STRAtifying Treatments In the multi-morbid Frail elderlY (STRATIFY): Statins
Using 'big data' to better understand the relationship between blood pressure lowering treatment and adverse events
- Use data from the medical records of 100,000s of patients in England to derive mathematical models which predict an individual’s likelihood of suffering side effects associated with statin treatment.
- Quantify the association between statins and side effects such as myopathy, diabetes and haemorrhagic stroke using data from previous clinical trials and electronic health records.
- Develop a statin drug harm calculator and combine this with existing drug benefit calculators to create a decision support tool for patients and doctors to use for shared decision making.
Why is this important?
Statins lower cholesterol and reduce an individual’s risk of suffering from heart attacks and stroke. These medications are usually started in high risk patients and then continued for many years. Much debate exists about the side effects of statins: what side effects exist and how commonly they occur. Much of this is stimulated by conflicting findings from different research studies and media hype. Despite a lack of evidence for some proposed side effects (e.g. cognitive impairment), and evidence that most are very rare, many patients refuse to start therapy, or stop taking it due to fears they are experiencing side effects. This work aims individualise the understanding of side effects associated with statins to support better targeting of treatment and improved adherence to medication.

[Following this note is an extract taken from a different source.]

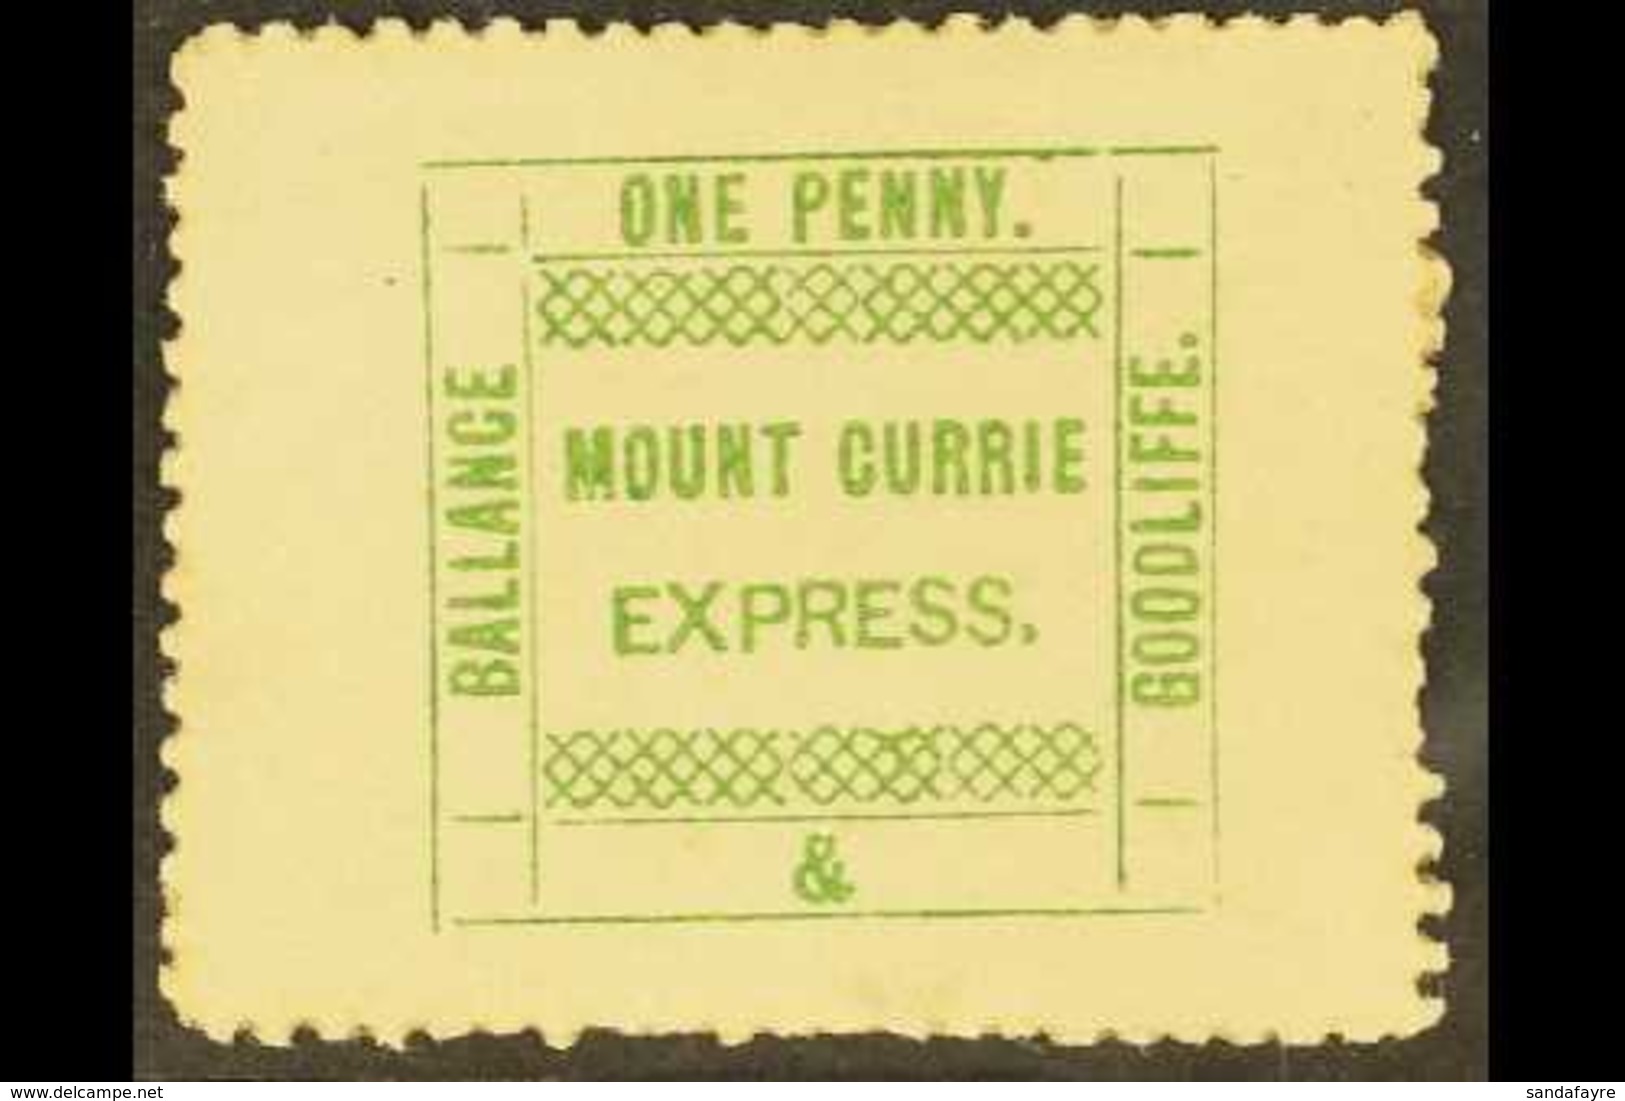 EAST GRIQUALAND - MOUNT CURRIE EXPRESS 1d Green , Ballance And Goodliffe Courier Post Stamp, Very Fine Mint Og. Extremel - Non Classés
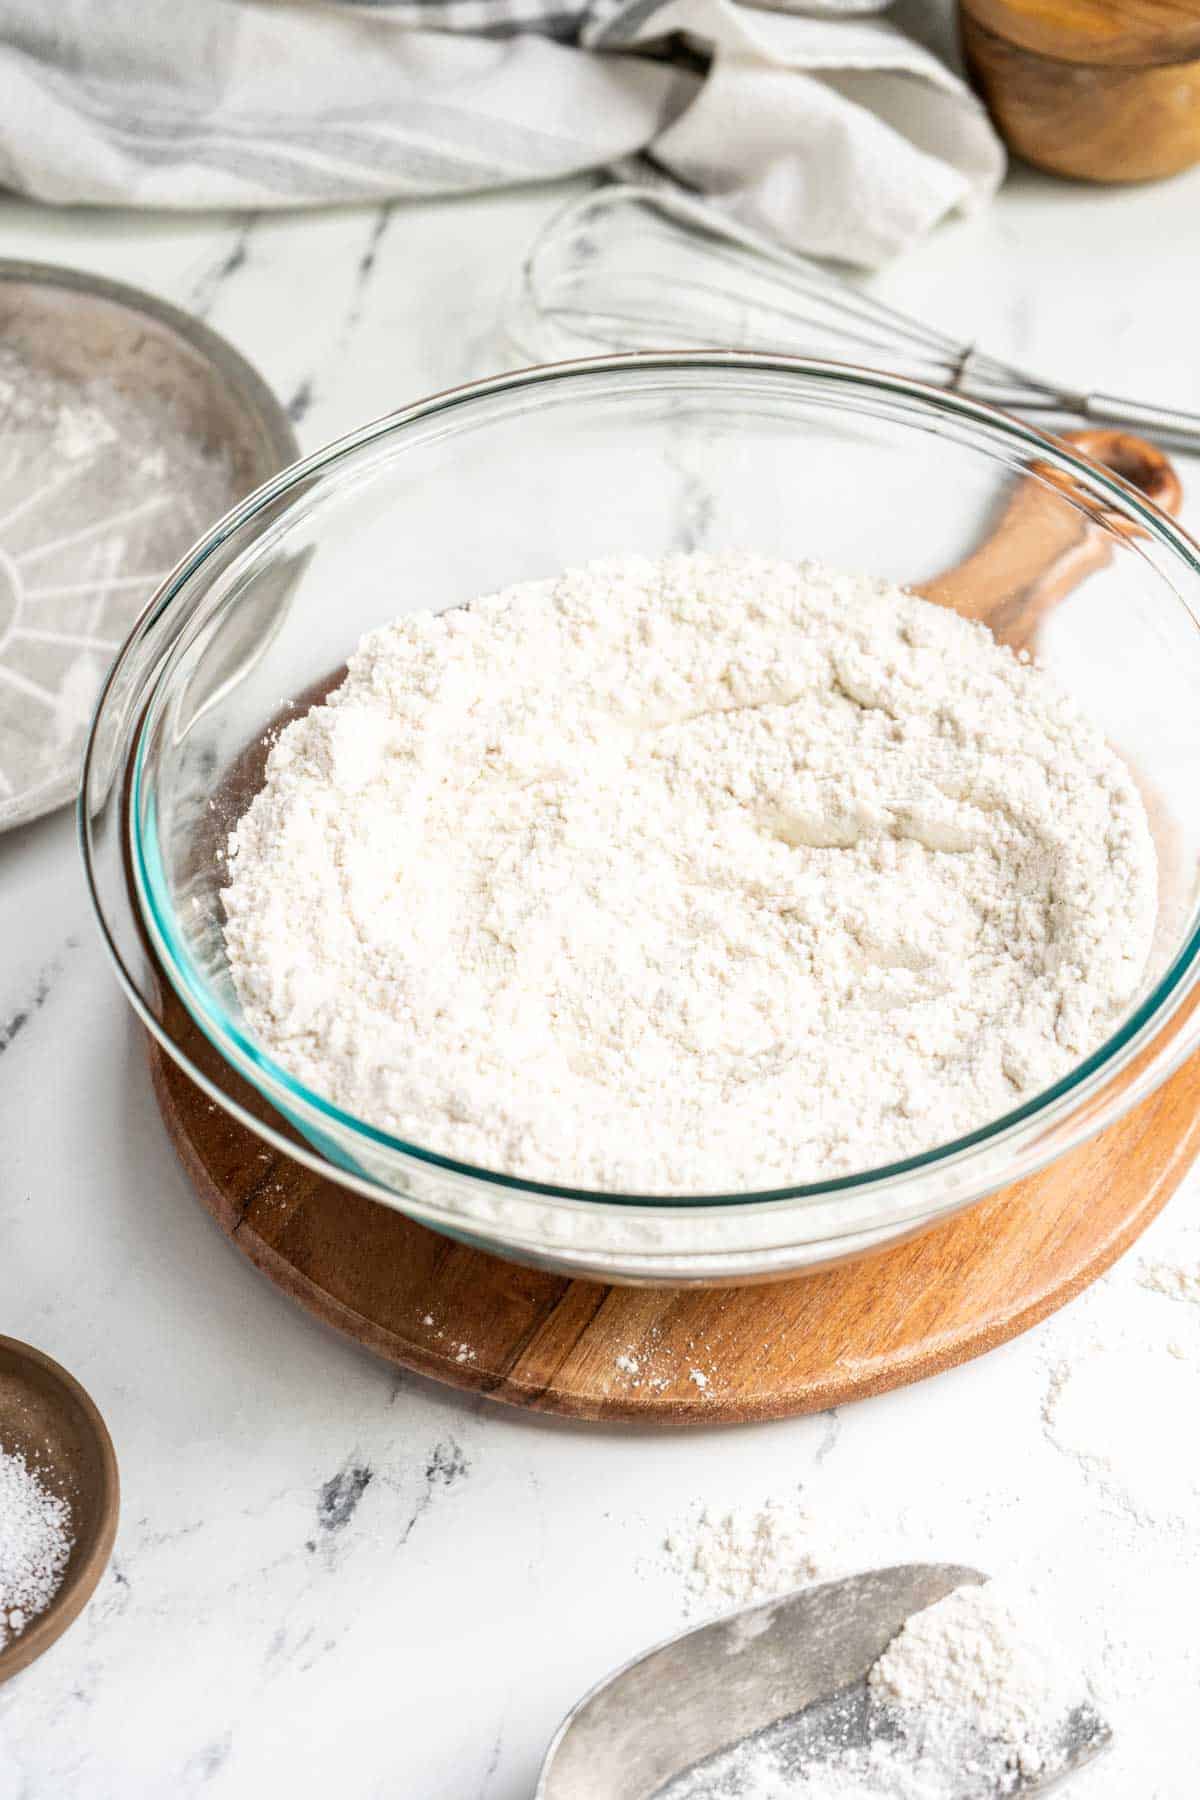 Flour in a bowl on a counter.

This study will use three approaches to better understand the relationship between blood pressure lowering treatment and side effect: (1) use electronic health records from the Clinical Practice Research Datalink (CPRD) to create prognostic models for adverse events thought to be associated with statins including myopathy, diabetes, haemorrhagic stroke, cognitive impairment, and cataracts. These models will be derived and externally validated using electronic health records from primary and secondary care. (2) Undertake a systematic review of previous clinical trials examining the association between statins and side effects. Data describing this association in each trial will be extracted and combined in a meta-analysis. These estimates will be unbiased (due to randomisation in the original trials) but may not be reflective of the general population, since many trials include healthier populations less likely to suffer side effects to treatment. (3) Use data from the CPRD to derive treatment effect estimates for side effect using multivariate regression and propensity score matching to control for confounding. This approach will minimise (but not eliminate) bias from confounding by indication for treatment and provide estimates which reflect the real world population. Using both of these approaches will enable minimum and maximum likely treatment effects to be quantified.
How will this benefit patients?
This work will lead to the development of a new clinical decision support tool for both patients and doctors to use in shared decision making about whether to start or continue taking statin medications.